Today, the North Carolina House of Representatives passed SB820. It legalizes fracking in the State of North Carolina and could allow drilling by 2014.

The bill includes many of the protections for North Carolina landowners that the Rural Advancement Foundation International – USA recommended in its report to the state Attorney General’s office. Because of the support of concerned North Carolinians, this bill is much stronger than it might have been.

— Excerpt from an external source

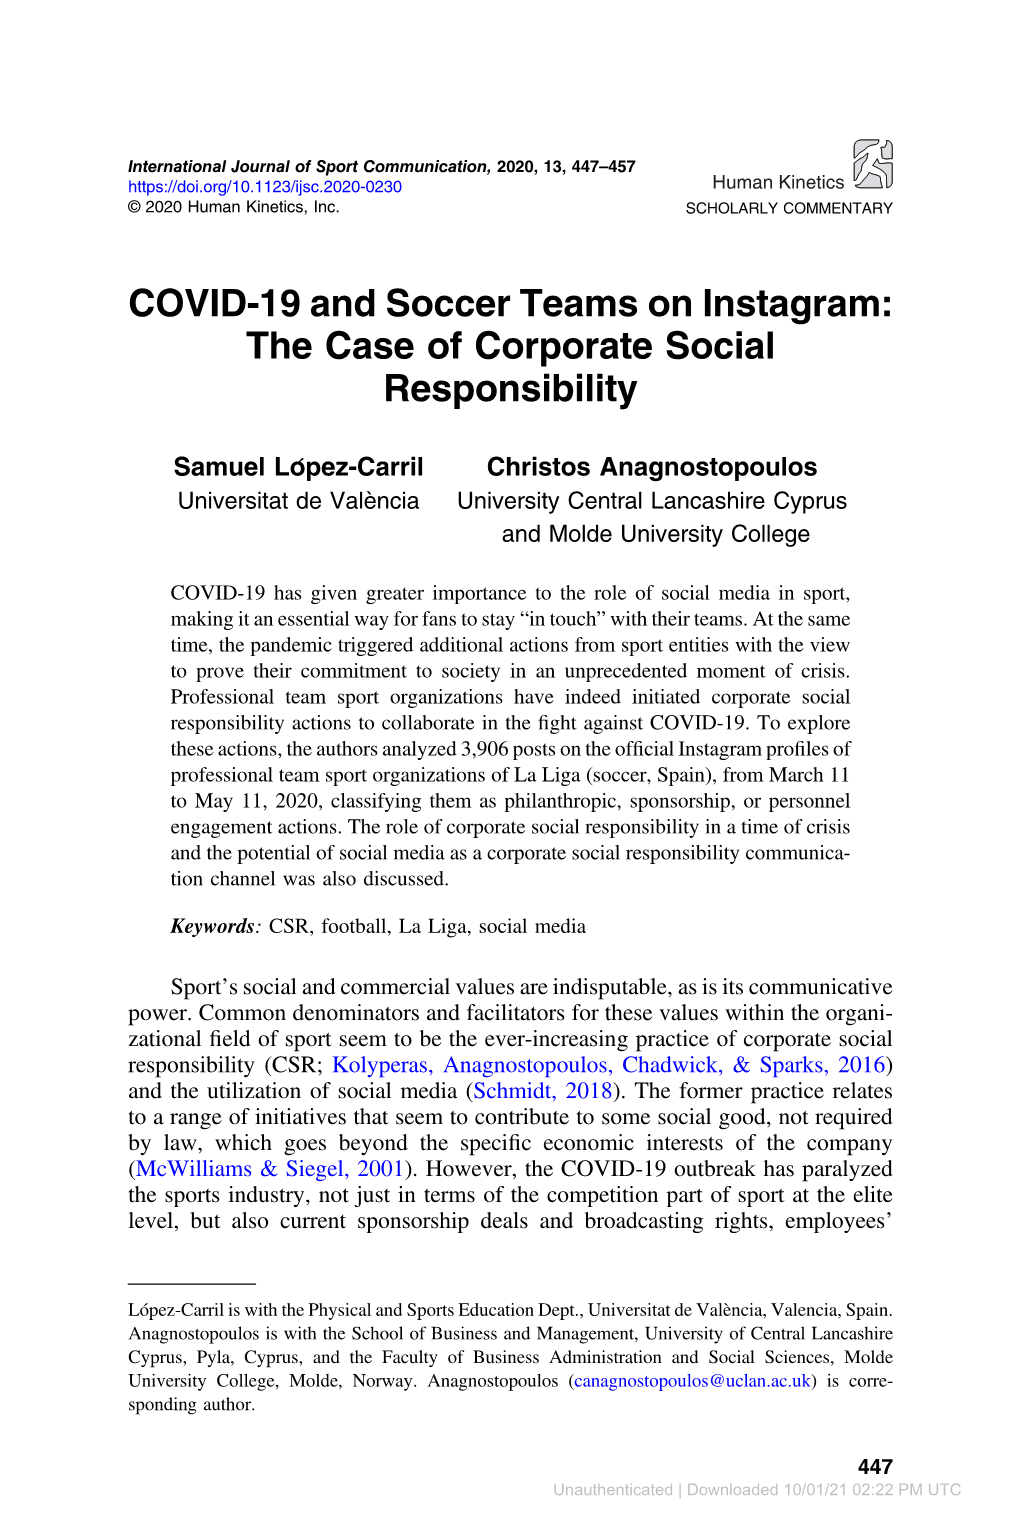 COVID-19 and Soccer Teams on Instagram: the Case of Corporate Social Responsibility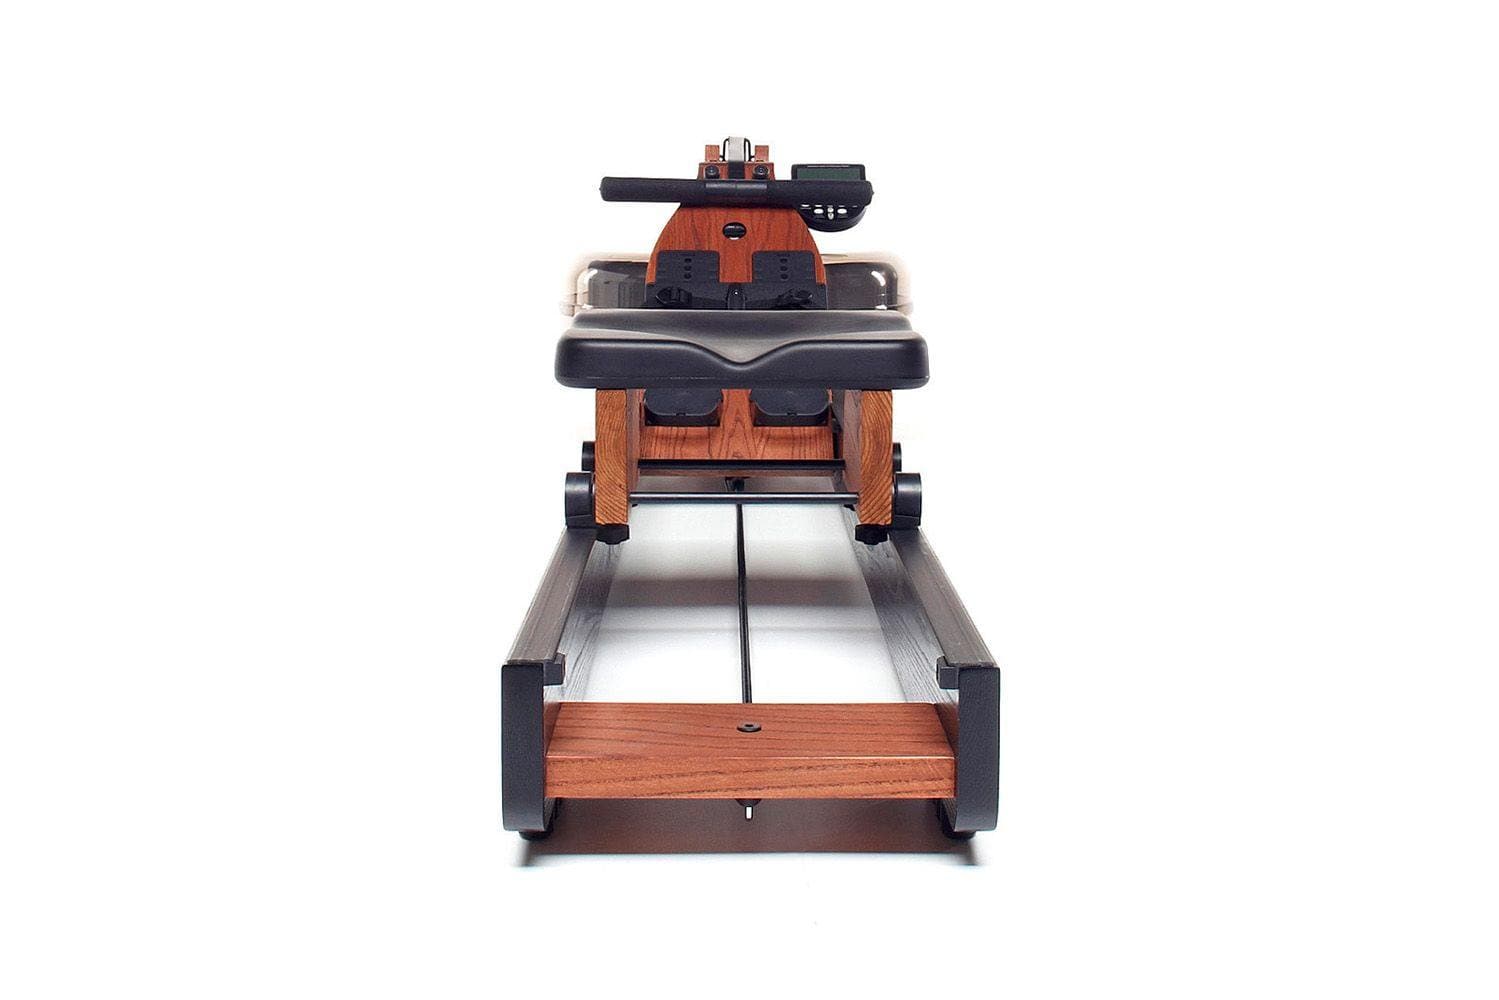 WaterRower Club with S4 Monitor - Musclemania Fitness MegaStore

However, SB820 will allow private companies to undermine some of the fundamental property rights of North Carolina’s landowners. We have three key concerns about the bill:

  • It does not prohibit companies from drilling for gas without permission from the mineral rights owner, as long as a certain percentage of the owner’s neighbors have signed gas leases – a practice called forced pooling.
  • It makes surface use agreements optional, meaning that landowners who don’t own mineral rights may have no say in how their land is used.
  • It does not allow time for adequate study of potential impacts, such has whether current state eminent domain laws would allow companies to seize private property to build pipelines to transport the gas they extract.

The bill does require the state to study the issue of forced pooling and to write regulations governing fracking. If the bill becomes law, we hope that the state will remain committed to a strong and thorough rule-making process that will address some of these concerns at the regulatory level. However, rights this important should be addressed before fracking is legalized, not after.